ARTUR DA TÁVOLA


                   Tudo ruim, mas tudo bem


       (Gentilmente cedida por Artur da Távola para o


                      Armazem de Sonhos


              e o Sonho Digital )








O “tudo bem” é uma expressão profundamente brasileira. Somos um
 povo pacífico e acomodado. Término do romance, sem dinheiro,
 brigou com a família e, após contar a desgraça inteira, diz:
                           “Mas tudo bem”.


 Na verdade, preferimos fingir que não ligamos e secretamente
diluir o que nos chateia ou oprime, a remover o mal sob forma
 cirúrgica. Para tal, o “tudo bem” cai como luva. Revela uma
   espécie de certeza de que nada é duradouro, tudo acabará
     modificado, por mais que a rigidez pareça dominar.
                                    O “tudo bem” possui duas outras leituras que latejam por dentro
de sua significação aparente. São elas: “Não faz mal” e “deixa
            comigo que adiante eu dou um jeito”.
                                   
“Não faz mal” quer dizer “não importa”, “não há de ser nada”,
  “tentaram me atingir mas não conseguiram”. Quer, portanto, dizer:
   “Olha, eu não desistirei; estou apenas fingindo que não ligo”.
                                   
  O “deixa comigo que adiante eu dou um jeito” revela outra
 atitude sábia do chamado caráter nacional. Eis sua tradução detalhada palavra por palavra: “Eu sei que as coisas não duram. Sei, também, que, enquanto estão quentes, as pessoas se aferram. Não adianta forçar nessas horas. É esperar a emoção, o impulso, a vontade e a teimosia passarem e, na medida em que a realidade
 tiver atuado sobre elas, diluindo o rigor anterior, então a
  gente entra na brecha e vai fazendo do jeito que quiser”.
                                    Na medida, portanto, em que a expressão “tudo bem”, como espelho da maneira de ser, da psicologia, do caráter e do comportamento brasileiros, possui essas duas conotações revela algumas características
 (e até virtudes) da maneira de ser brasileira; paciência; teimosia;
 capacidade de esperar; certeza de que não fará o que não quer fazer;
  confiança nos seus próprios métodos; certeza de que a realidade é
sempre complexa e acaba se impondo com a variedade de seus resultados;
convicção de que mexer demais nas coisas acaba atrapalhando; percepção
    de que nada é duradouro; de que é necessário criatividade para
impedir as deformações da imposição de qualquer certeza exagerada; fé no tempo como o grande e lúcido mediador das coisas; falta de pressa; e
    certeza na própria decisão. E, também, uma certa capacidade de perdoar e encontrar desculpas para as coisas e prosseguir. O lado sábio
  do brasileiro é enrustido. Por malandragem ele finge não existir.

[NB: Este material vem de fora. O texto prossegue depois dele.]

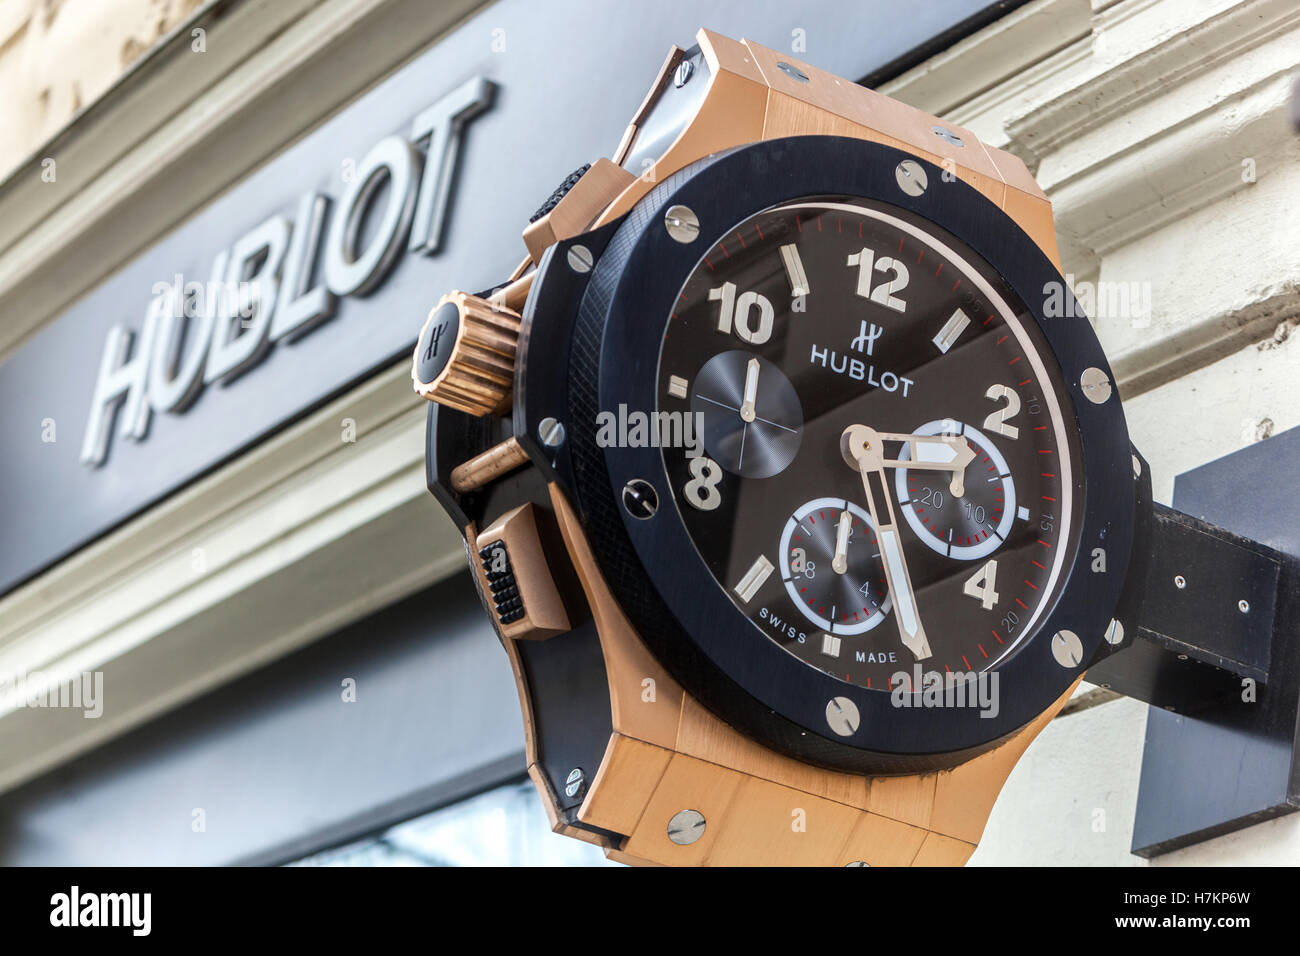 Hublot reloj tienda de lujo signo reloj suizo tienda en Jachymova calle  Praga Ciudad Vieja República Checa Fotografía de stock - Alamy

Que é tudo isso? Uma teoria de acomodação? Do deixa pra depois?
  Da alienação? Estarei teorizando sobre o conformismo, uma
      característica negativa da nossa maneira de ser?


 Se é o que você acha, leitor, então tudo bem, tudo bem: mais adiante a gente se entende, ou você me entende, ou eu o entendo, tudo bem, não esquente a cabeça e vá em frente que no fim acaba
dando tudo certo. Brasileiramente. Ainda bem; isto é,
                         tudo bem. Tudo bem?